Le travail peut être très pénible. J'ai recruté Farris Page PhD, une spécialiste du développement de l'enfant noir à la retraite qui a consacré sa carrière à aider les enfants pauvres, et Rebecca Schwartz PhD, une psychanalyste pour enfants blancs, pour être des consultants supplémentaires à mesure que le groupe de mentors grandissait. Nous, les consultants, nous rencontrons suite à notre rencontre avec les mentors, et cette rencontre a été inestimable. Parler avec les autres consultants m'aide à gérer ce qui peut être un assaut de souffrance écrasant, qui peut bloquer ma capacité à penser clairement, par exemple, un enfant qui a peur de se rendre à l'école à pied parce que son oncle a été tué à un croisement le long de cette marche. Le sentiment d'impuissance à changer les systèmes scolaires injustes, la violence communautaire et les difficultés familiales peut être difficile à supporter. Lorsque nous, les consultants, partageons ces sentiments, je constate que ma capacité à m'identifier et à penser à la fois aux enfants et aux mentors est restaurée dans une certaine mesure. Certaines des expériences raciales des mentors et des enfants ne sont pas mon expérience vécue, et avoir un consultant noir aide les mentors à parler plus librement de leurs réactions, par exemple, au meurtre de George Floyd. 

Face à la détresse des enfants, les mentors les rassurent souvent ; certains ont décrit la difficulté à faire face à la douleur que leurs enfants endurent. J'ai découvert que ma reconnaissance des sentiments des mentors aide les mentors à aborder la vie intérieure des enfants.
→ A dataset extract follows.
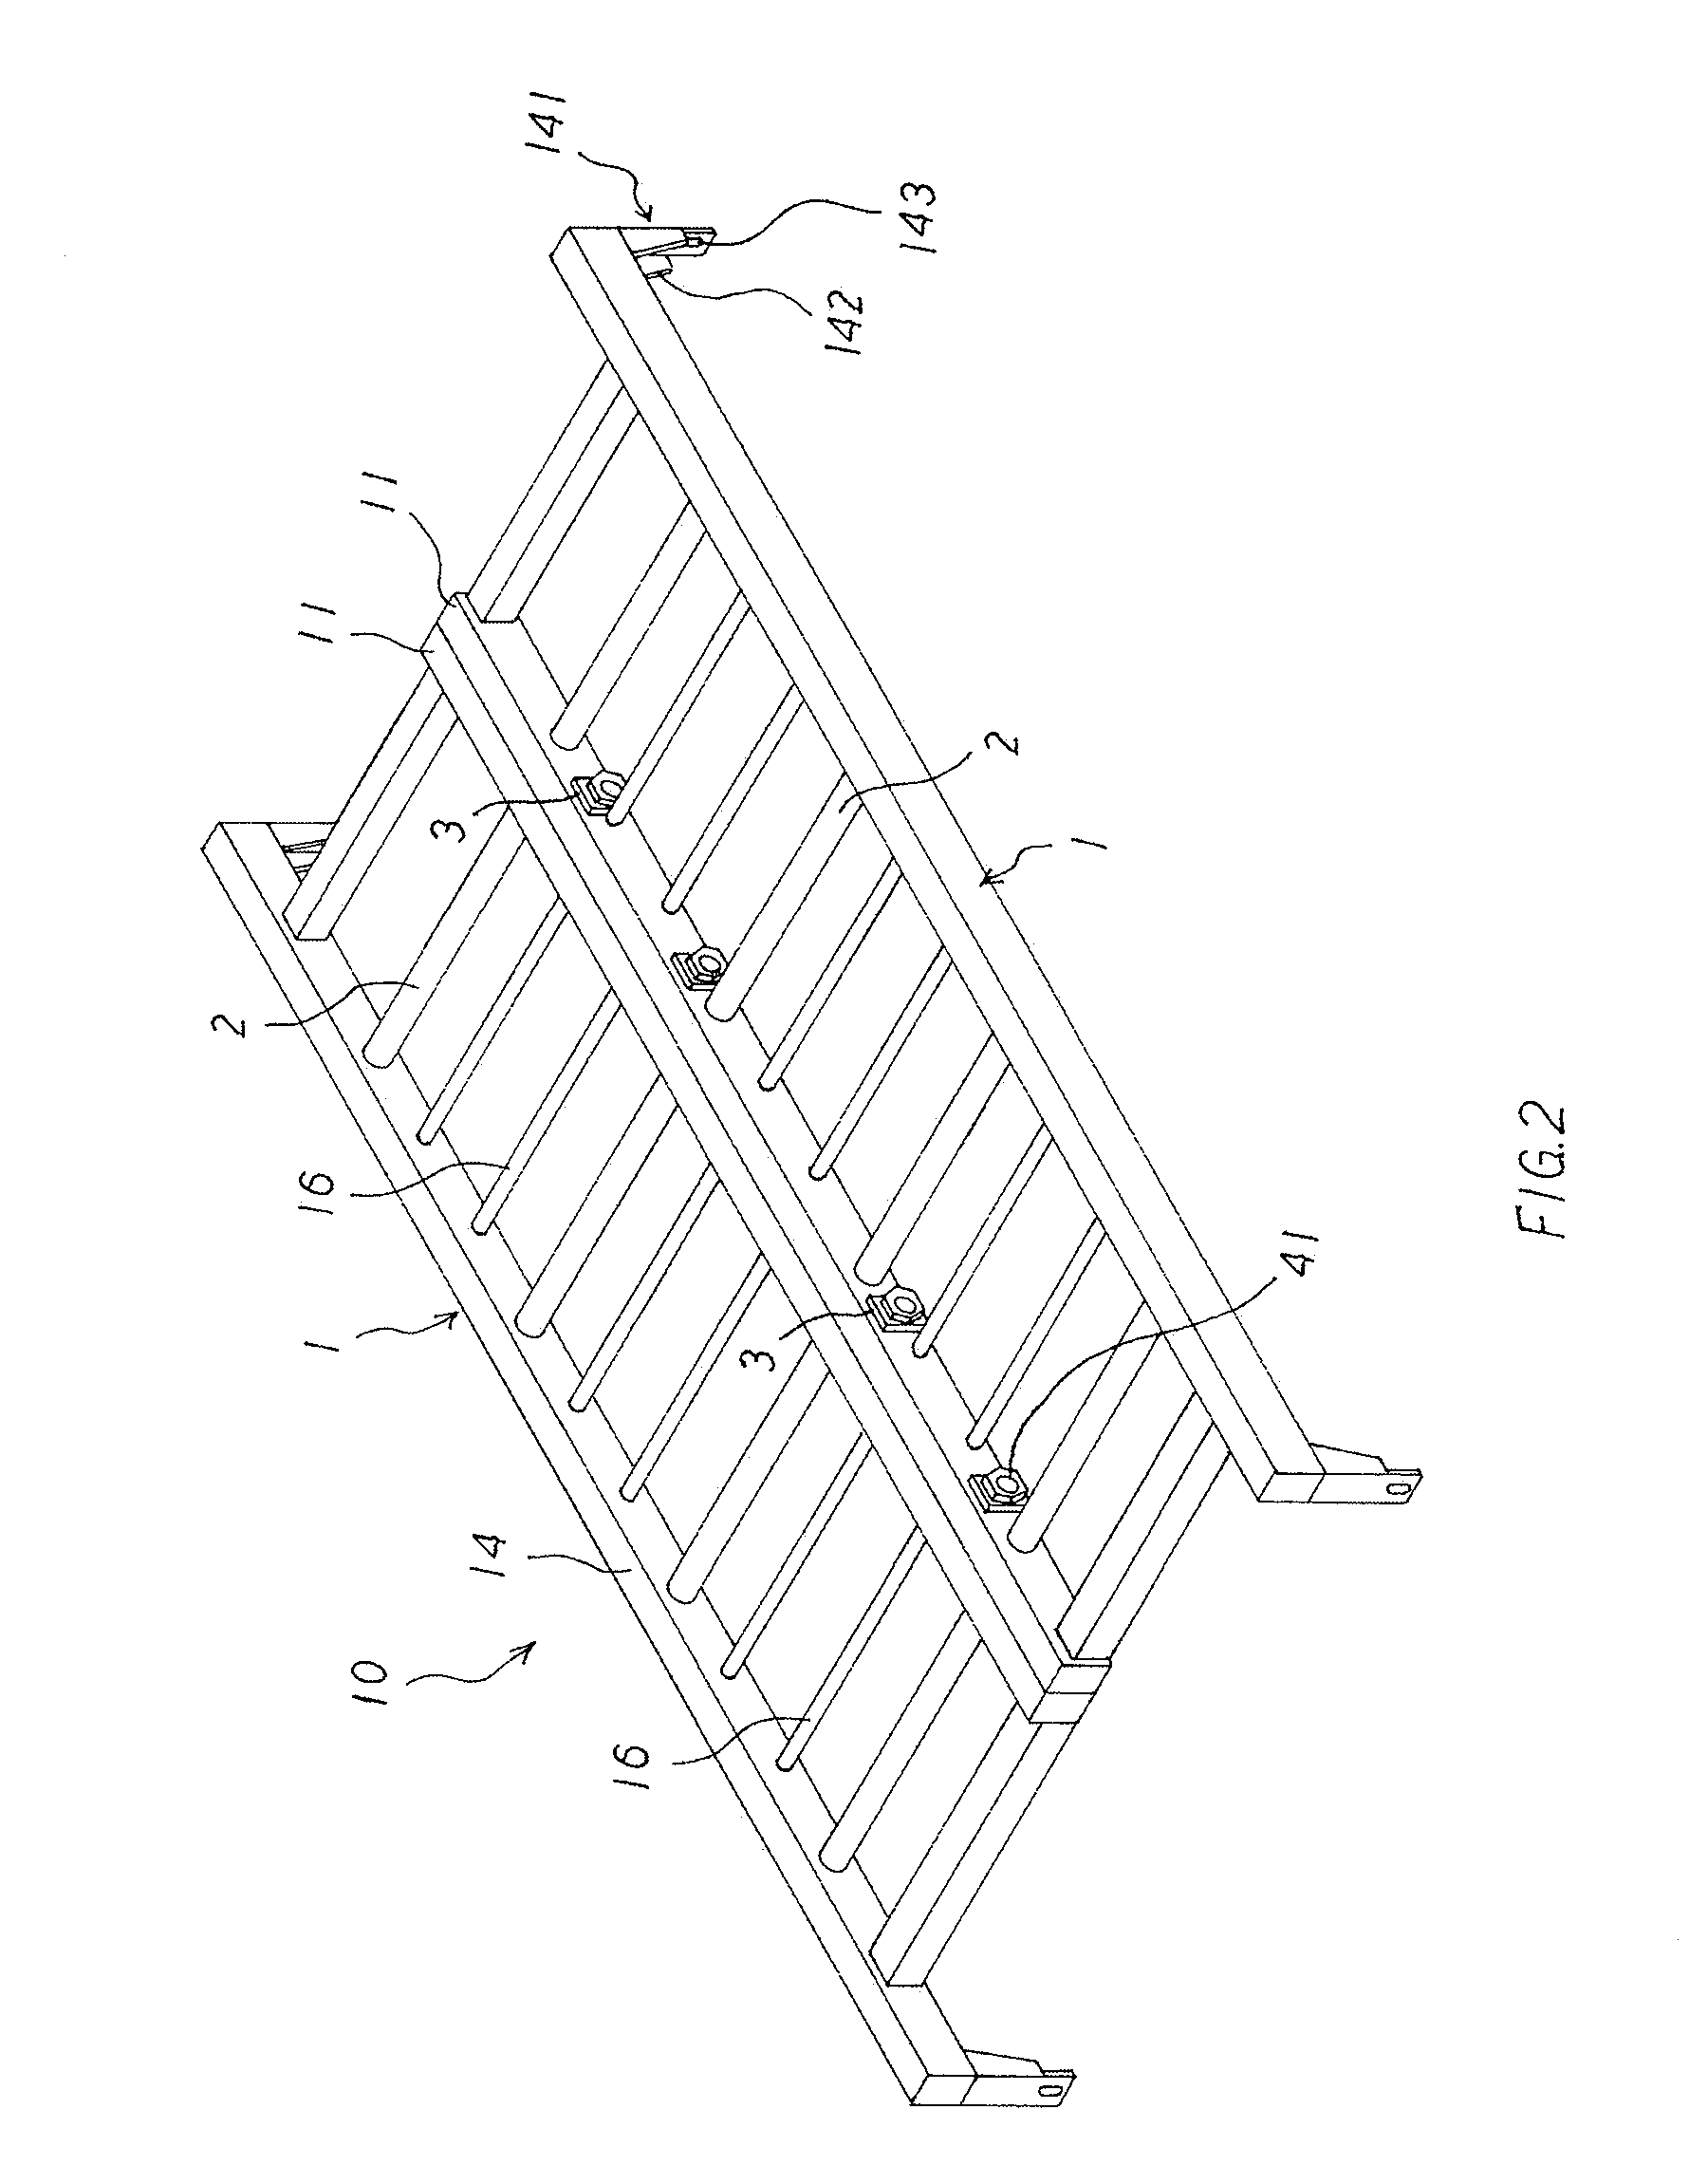 Bed panel structure

Je dis aux mentors que tout comportement troublé est une tentative de résoudre une situation interne qui a besoin d'être contenue et représentée. Dans les situations de violence domestique, les pressions de l'extérieur pour garder des secrets, et les pressions de l'intérieur, lorsque les enfants se sentent dépassés, perturbent le développement de la fonction alpha, la capacité de connaître et de représenter leur expérience. J'ai discuté avec Clara de la question de savoir comment permettre à Tori d'exprimer sa situation intérieure en toute sécurité. Clara craignait que parler de violence avec Tori ne la bouleverse, et nous avons discuté des moyens d'atténuer et de déplacer les événements traumatisants afin de les mettre en scène. 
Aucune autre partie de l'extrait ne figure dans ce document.